Schumpeter thought that the creative-destructive processes inherent in capitalism would eventually lead to its destruction.

The fact that this has not occurred

— or at least not yet — is the result of government’s continuing ability to intervene, moderating the disruptive impacts of the ever-changing market economy.

The Purpose of Government

Securing fundamental individual rights, as well as the rights of the people as a whole to govern themselves through consent is the principal object of the republic envisioned by the Founders like James Madison

, James Wilson, Alexander Hamilton, and George Mason. We find in Federalist No.

10 (1787), however, another characterization of what Madison calls the “first object”

of government that is worthy of more consideration than it generally receives.

Capturing his vision of a defensible democratic republic

perhaps better than a mere reference to securing fundamental rights, Madison invited the American people in the late 1780s to embrace a governmental arrangement.

that would protect them in the exercise of their “diverse faculties.” Madison provided more detail on this concept in his 1792 essay “On Property”:

Government

A government is the system or group of people governing an organized community, generally a state.

In the case of its broad associative definition, government normally consists of legislature, executive, and judiciary.
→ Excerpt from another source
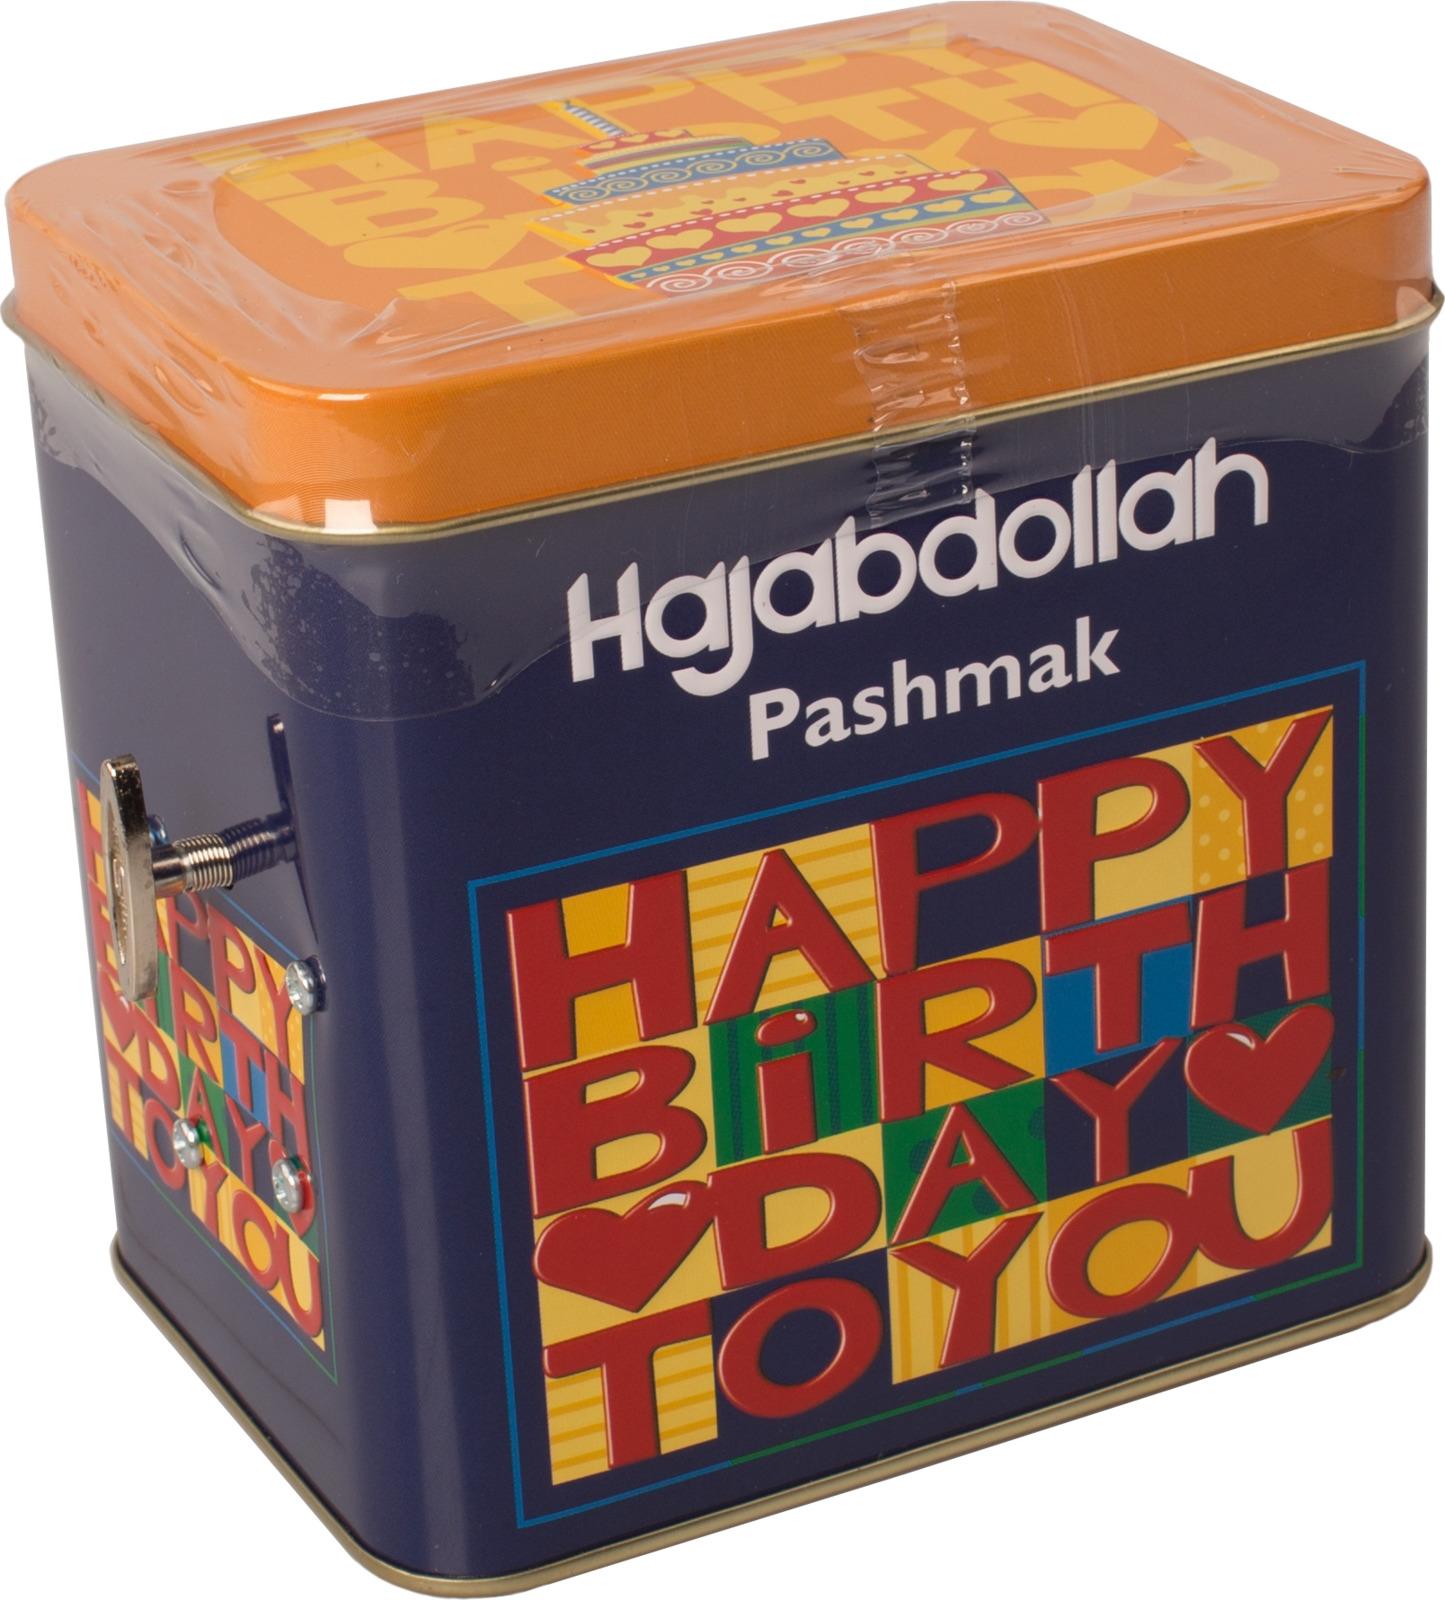 Конфеты из пашмалы Hajabdollah С Днем Рождения ассорти со вкусом апельсина, дыни и клубники во фруктовой глазури, 200 г коммунарка цитрон топ глазированная помадка со вкусом лимона конфеты 200 г

Government is a means by which organizational policies are enforced, as well as a mechanism for determining policy. Each government has a kind of constitution, a statement of its governing principles and philosophy.

Definitions and etymology

A government is the system to govern a state or community.

The word government derives, ultimately, from the Greek verb κυβερνάω [kubernáo] (meaning to steer with gubernaculum (rudder), the metaphorical sense being attested in Plato’s Ship of State).